The Histadrut labor federation is gearing up for a half-day general strike on Sunday, days after the largest generic drug company in the world, Teva Pharmaceuticals, announced that it is laying off a quarter of its Israeli workers – some 1,750 people.
The Histadrut has called on workers across the economy to power down machinery and walk out in protest of proposed cuts at Teva, as leverage for negotiations and to pressure the company.
Teva received NIS 22 billion in tax breaks and subsidies over the past decade, and it is unlikely the government asked for commitments in return.
The strike is set to occur in the morning, with plans to halt flights at Ben-Gurion Airport from 8 a.m. to noon.
Planes scheduled to depart before and after the strike won’t be affected.
Public transport will continue to operate as usual, contradicting previous reports that bus drivers and rail operators would participate in the strike.
Histadrut chairman Avi Nissenkorn said that the union decided not to halt transport services “in order to prevent hitting the public and soldiers” returning to base after Shabbat.
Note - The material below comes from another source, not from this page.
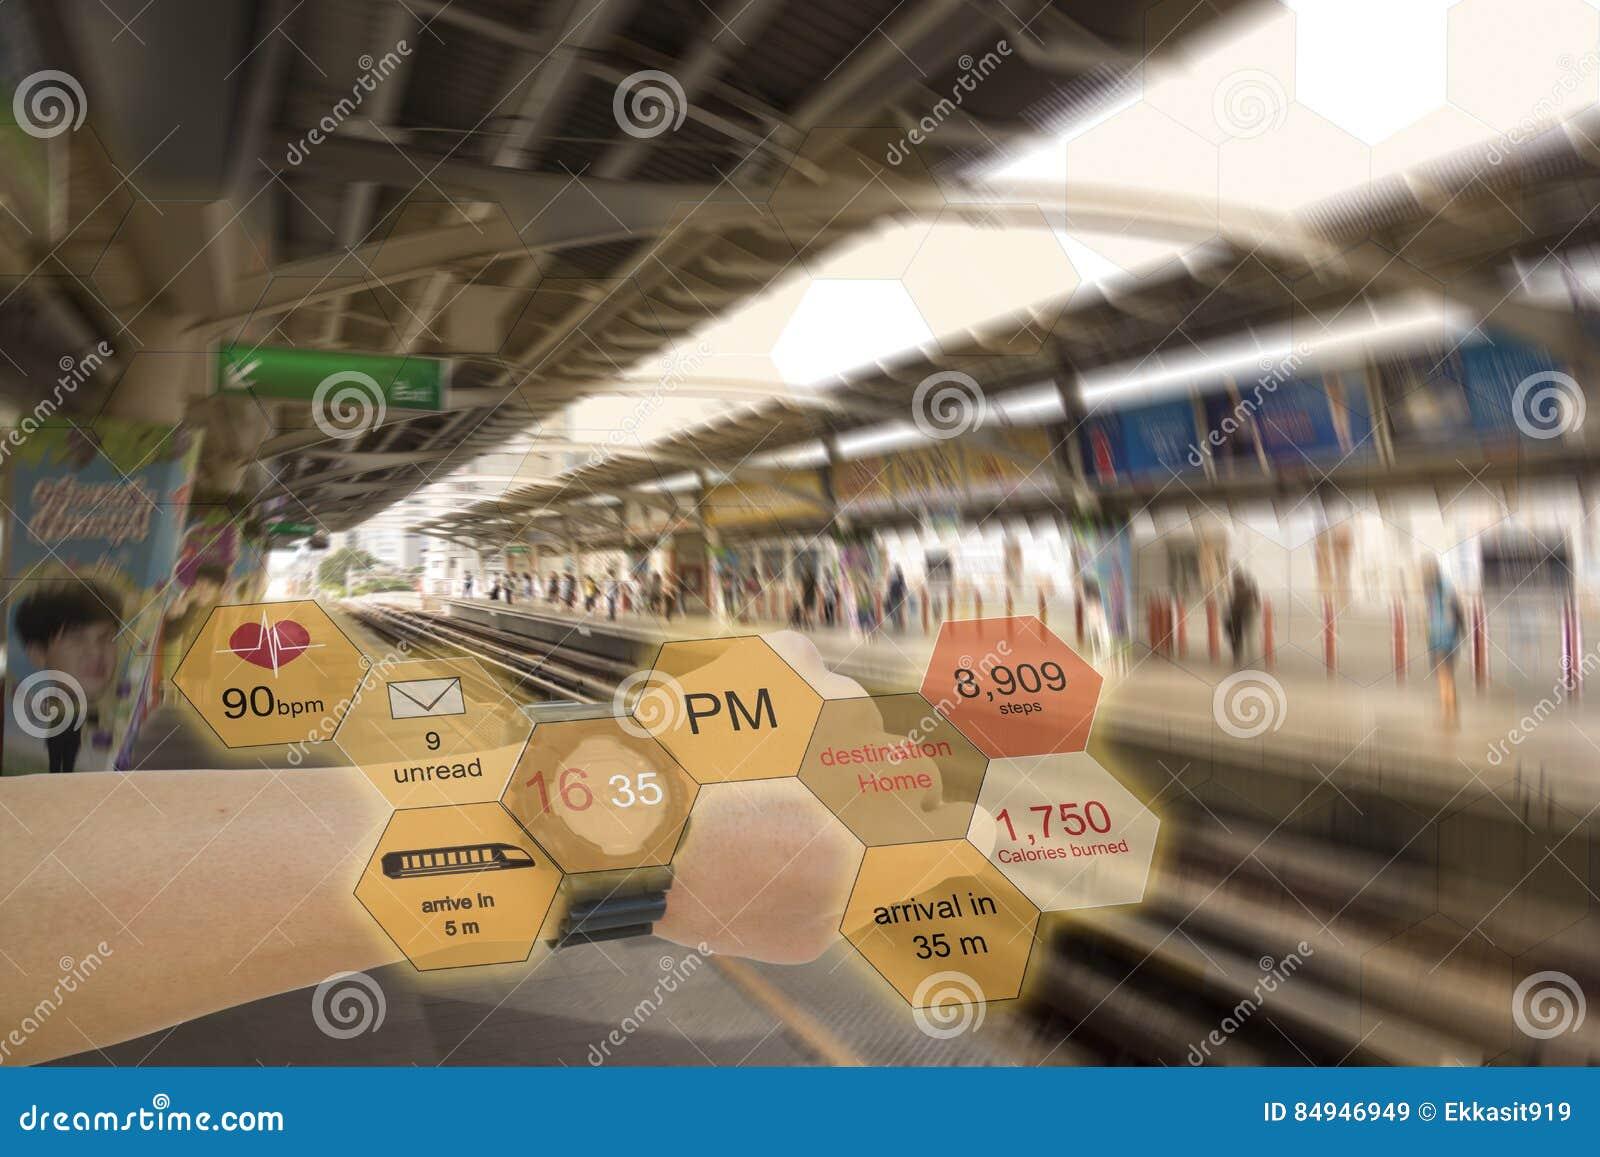 Internet de conceitos da tecnologia das coisas o relógio aumentado uso da realidade do homem para receber a informação ou ajudar

Workers at Haifa and Ashdod ports are also expected to strike in the morning as a show of solidarity, along with staffers at health clinics, banks, cellular companies, public utilities, museums, the stock exchange, courts and most government offices and municipalities. Hospitals will work on a Sabbath schedule, and Teva workers at factories across the country plan to lead the strike.
Labor chairman Avi Gabbay criticized the way the government handled the Teva layoffs and for not intervening sooner, given the company’s poor third quarter of 2017 earnings.
“Thousands of workers are losing their jobs because of a clear managerial failure,” Gabbay said on Saturday. “But where was the government? For months, everyone knew it was going to happen.
Where was the finance minister? Why didn’t he call Teva’s CEO? Where was the prime minister?” Based in Petah Tikva, Teva was once seen as the flagship Israeli company, but ill-advised corporate acquisitions, coupled with increased generic drug competition in the US, has severely reduced cash flow to the company – calling into question whether, after 2018, Teva could pay off its enormous $35b. debt load.